The first 15 examples prove that printf's memory primitives are sufficient for
TC *when combined with C's control flow*. Example #16 attempts to close the gap
by eliminating C control flow entirely, using `%n` to hijack the instruction
pointer directly.

## Security Implications

The `%n` write primitive is the root cause of **format string vulnerabilities**:

- `%n` can write to arbitrary memory addresses
- Attackers control the value written (character count, manipulated via width specifiers)
- This enables return-address overwrites, GOT hijacking, and arbitrary code execution

The Turing completeness angle is not just academic — it explains *why* format
string bugs are so dangerous. The same mechanism that could (in theory) make
printf a complete computer makes it an exploitation vector.

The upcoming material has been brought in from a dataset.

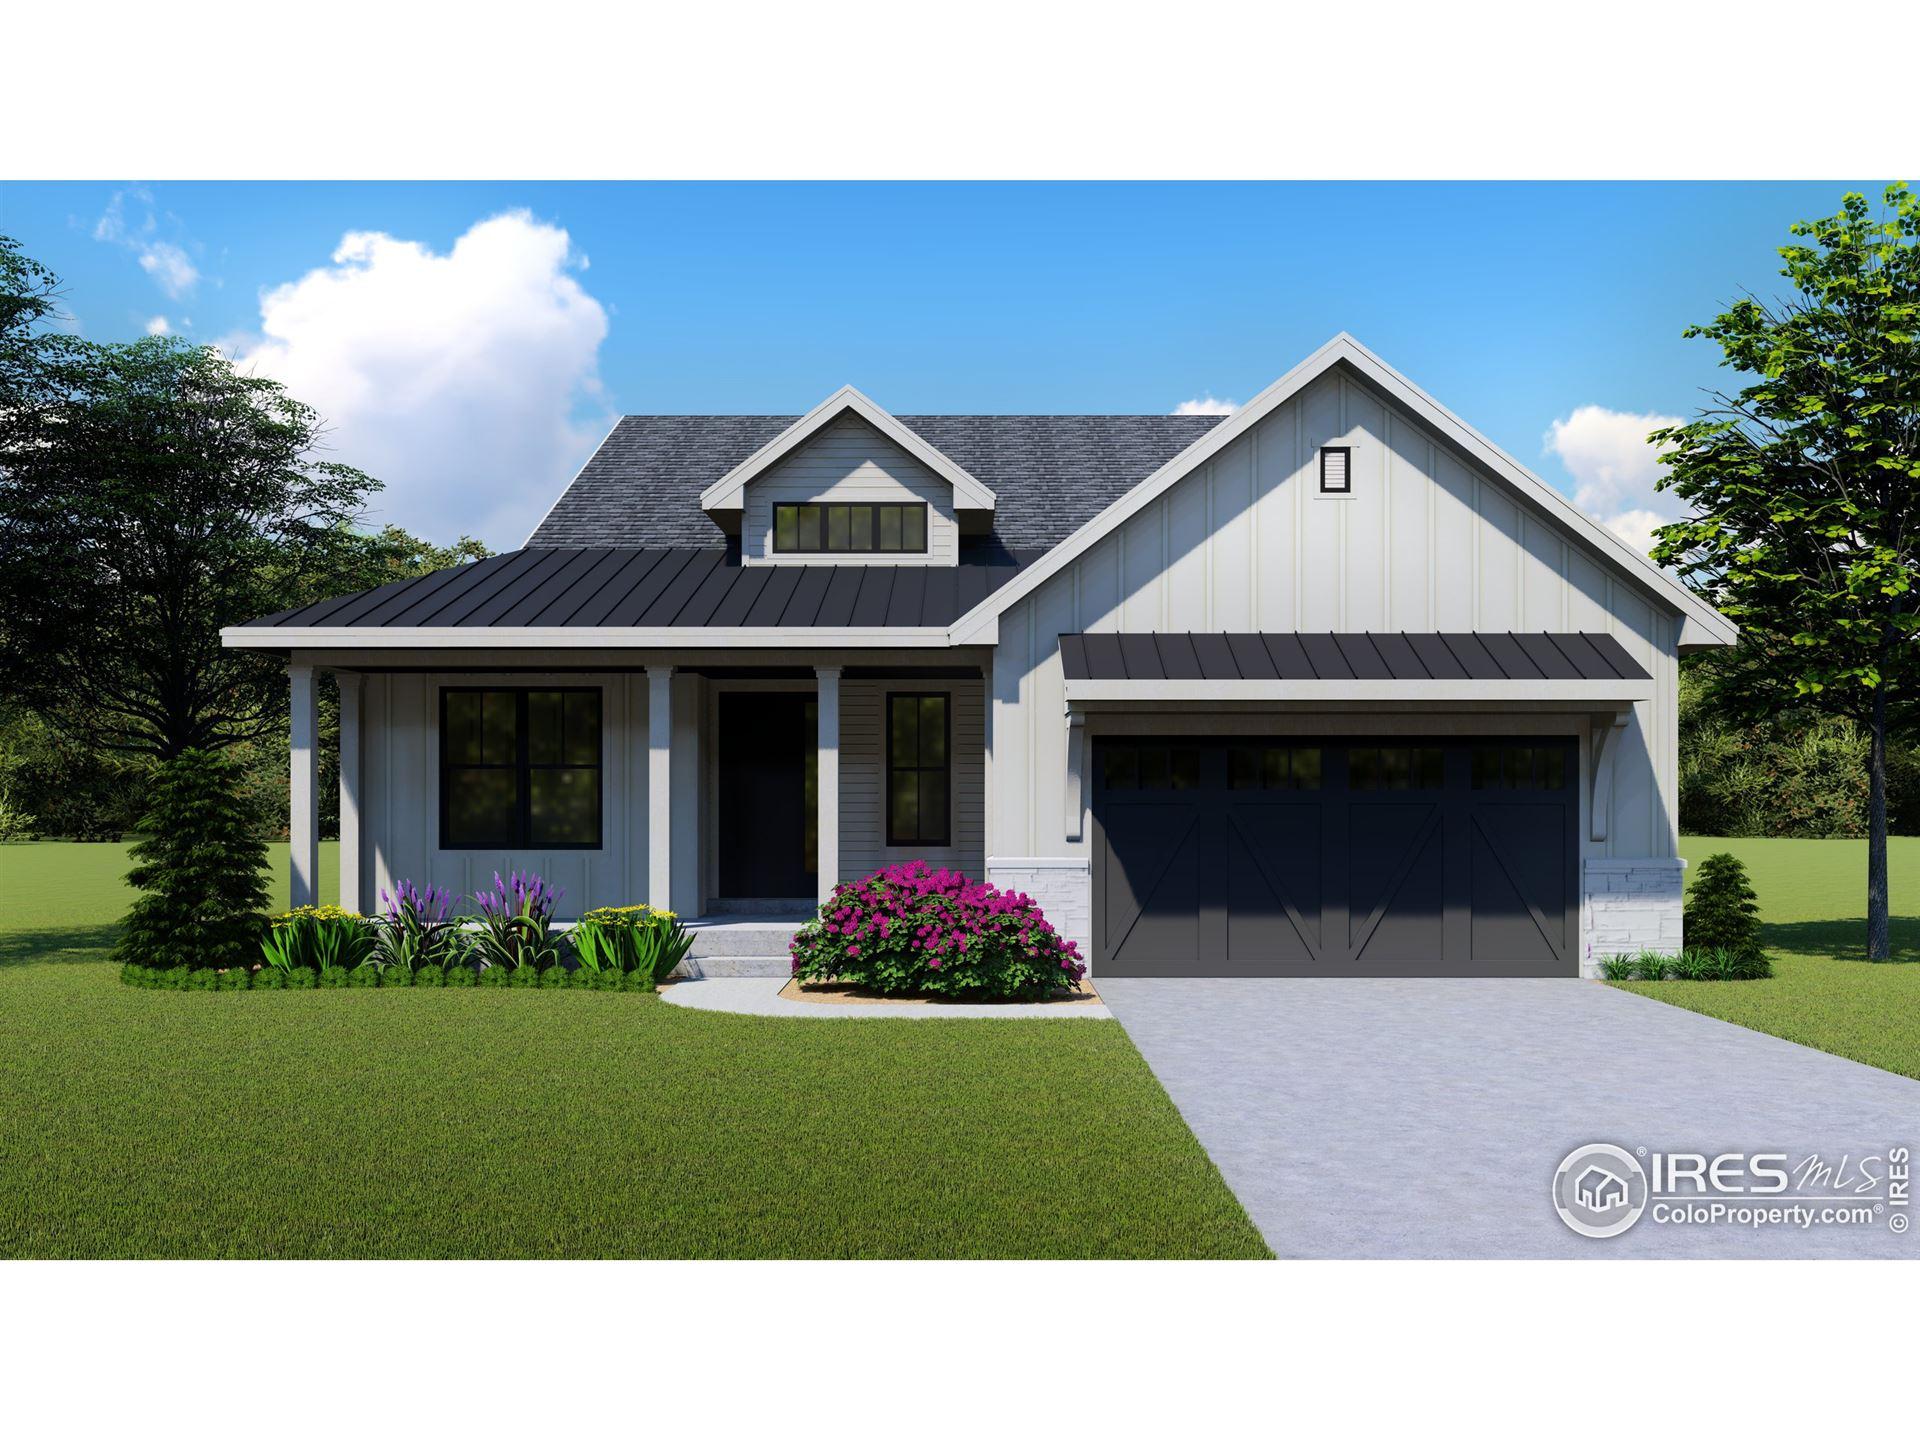 8459 Annapolis Dr, Windsor, CO 80528 - #: 940653

**Defense**: never pass user input as a printf format string.

## Historical Context

- **1967**: Minsky proved 2-counter machines are Turing complete
- **2000s**: Security researchers discovered `%n` enables arbitrary memory writes
- **2001**: Phrack article "Exploiting Format String Vulnerabilities"
- **2020s**: Academic papers formalized printf's computational power

## References

1. Minsky, M. (1967). *Computation: Finite and Infinite Machines*. Prentice-Hall.
2. Turing, A. M. (1936). "On Computable Numbers, with an Application to the Entscheidungsproblem". *Proceedings of the London Mathematical Society*.
3. Phrack Magazine. (2001). "Exploiting Format String Vulnerabilities".
4. Lattner, C. (2005). "Format string vulnerabilities". LLVM Blog.